In the decades since SRS I have unashamedly always been the down to earth slightly tomboyish one! One of my very old friends kind of wryly remarked once, "you just had to have a sex change and become a girl in order to become able to be one of the boys, didn't you?" which I found highly amusing because I knew exactly what he meant. As a child I never was one of the boys, now I can be, and yet I wouldn't ever want to do it in a male body! - Yeah I know I'm messed up ;D

I can, and indeed do, occassionally enjoy also playing girly - but it's kind of best enjoyed in small doses... and most of the time I like to be on the "sensible, practical and down to earth" end of the female spectrum. Kind of tomboy without ever spilling over into butch territory!

Such is the life of a modern GGG. In fact I think it's most definitely a case of cooltobeme ;)

Title: Re: Pinkstinks
Post by: Pica Pica on April 13, 2010, 08:24:05 AM
I have to say the confidence and happiness that radiate out of your posts make me smile.
Title: Re: Pinkstinks
Post by: Kaelin on April 13, 2010, 08:00:43 PM
no_id sort of lays out the next challenge, though.  Perhaps the more crucial side of things is to open up practical and interesting "masculine" ideas and not force femininity on girls and women, but the greater difficulty is opening up practical and interesting "feminine" ideas and not force masculinity on boys and men.  Without tearing down the roles for both females and males alike, people will continue to treat them differently, and it will unnecessarily complicate how they see TGs (since the male role will filter interpretation of the person at some point).

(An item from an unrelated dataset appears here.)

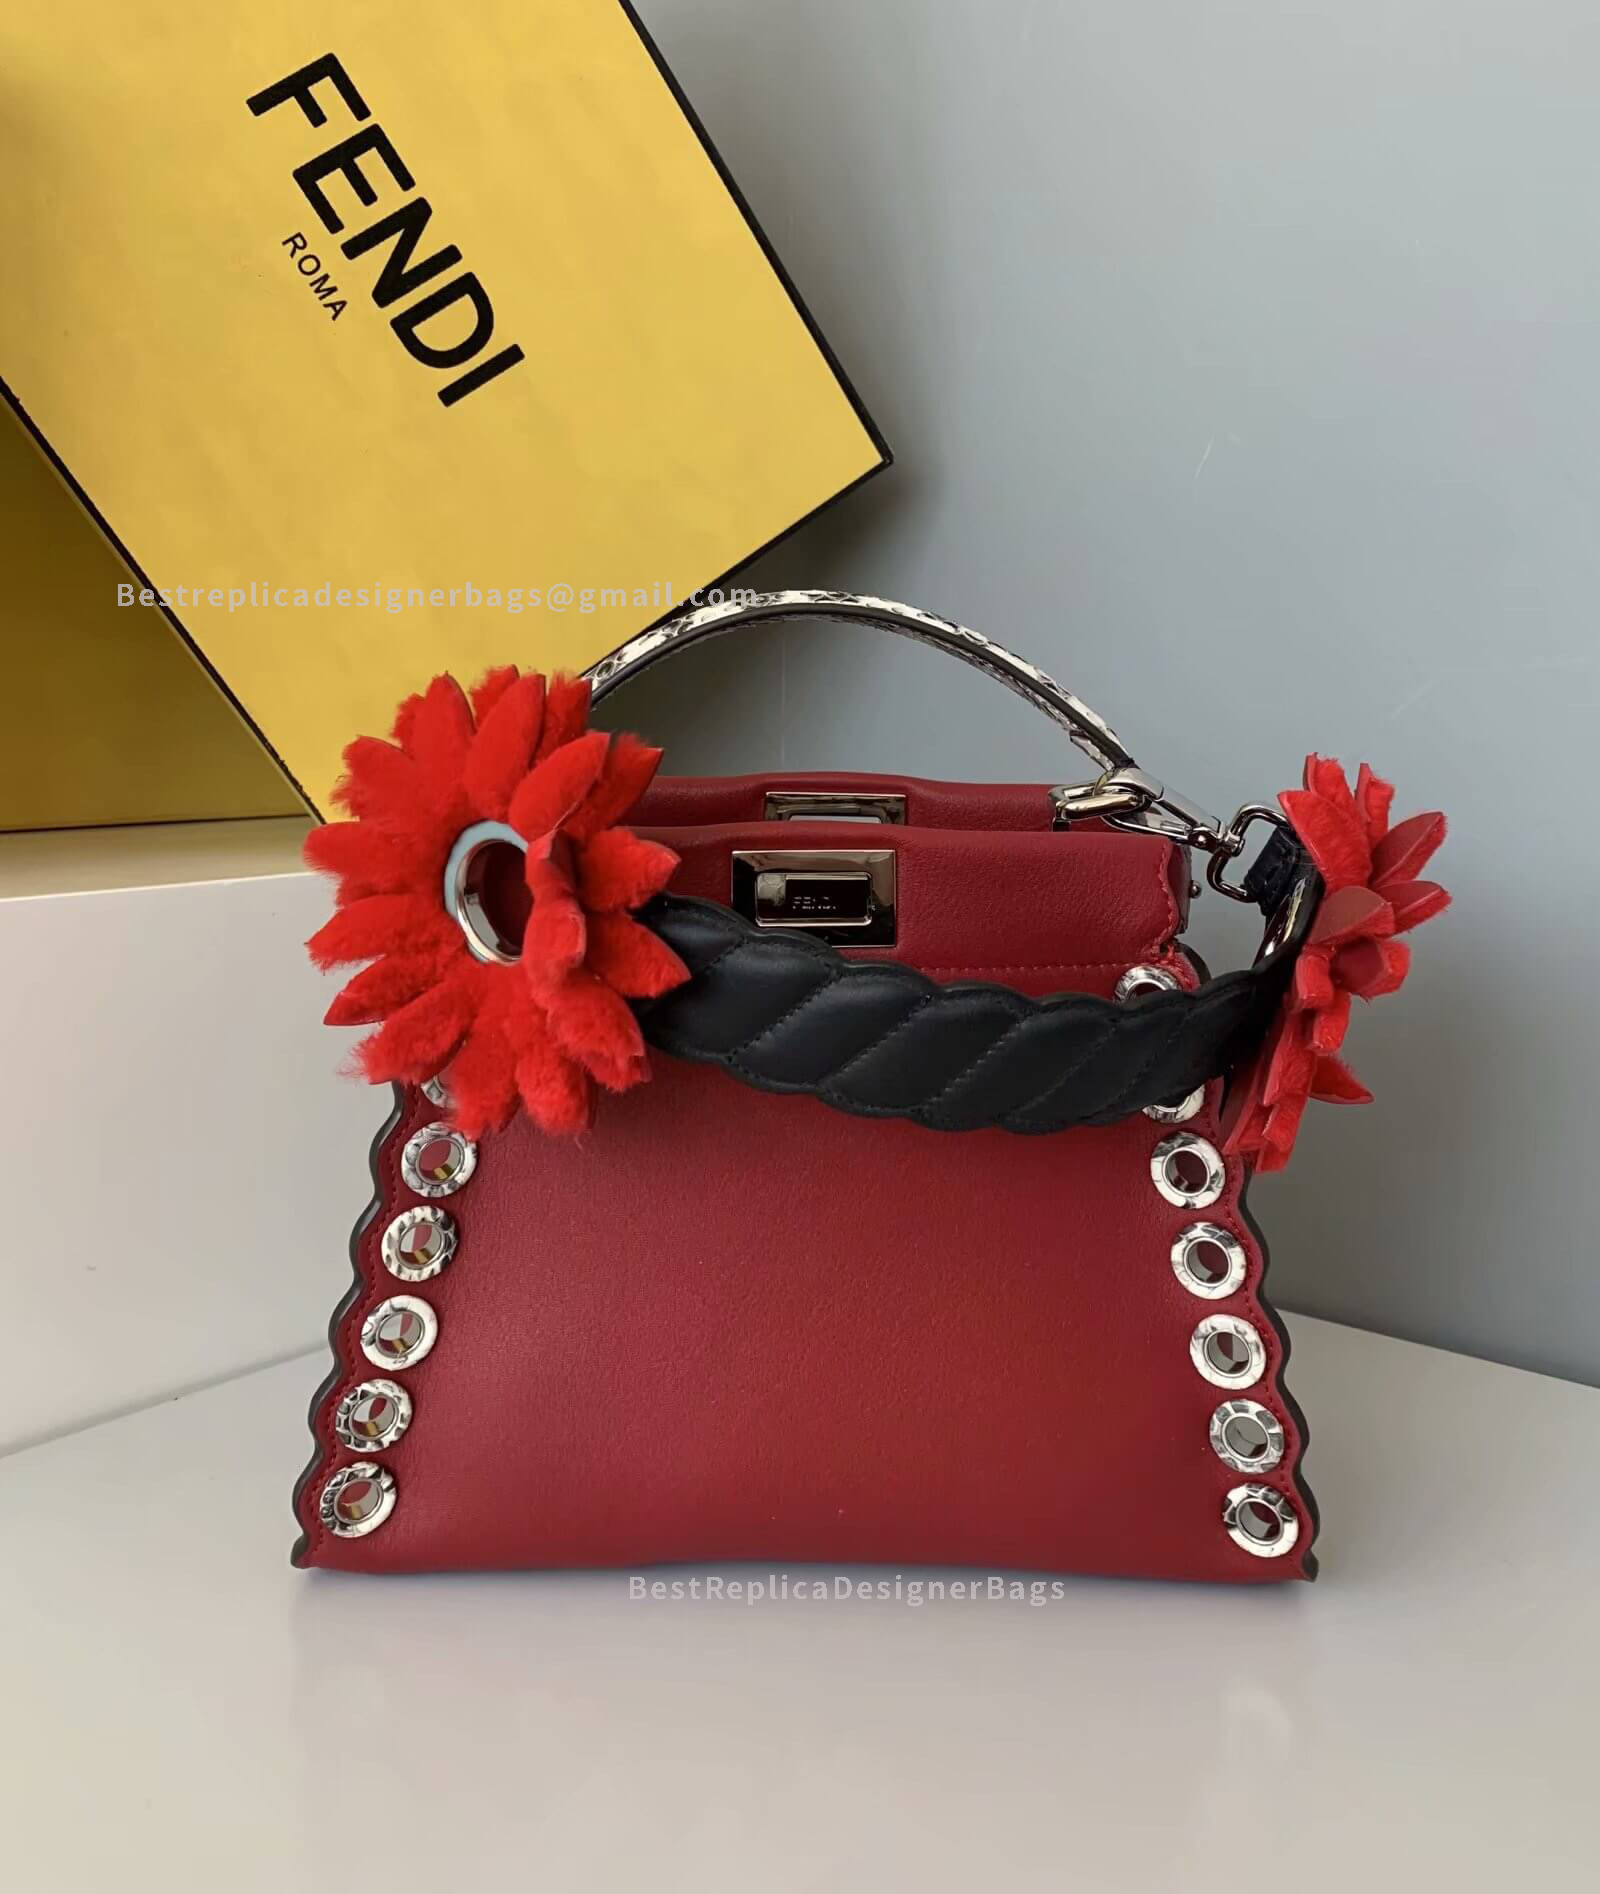 Fendi Peekaboo Iconic Mini Red Leather Bag 8106S

And while the wordplay is clever, the lines on the t-shirts are not answers.  Successful people are not just "not princesses" or "role models."  The former is simply an exclusion and really only draws attention to the idea of girls as princesses.  And being a "role model" is a consequence of doing something noteworthy: positive examples may include becoming doctors, teachers, business executives, engineers, soldiers, activists, athletes, and entertainers.  Granted, you don't want to get into forcing any kids into any specific career either, but there has to be a more neutral way to handle them until they are ready to take responsibility for their own expressions.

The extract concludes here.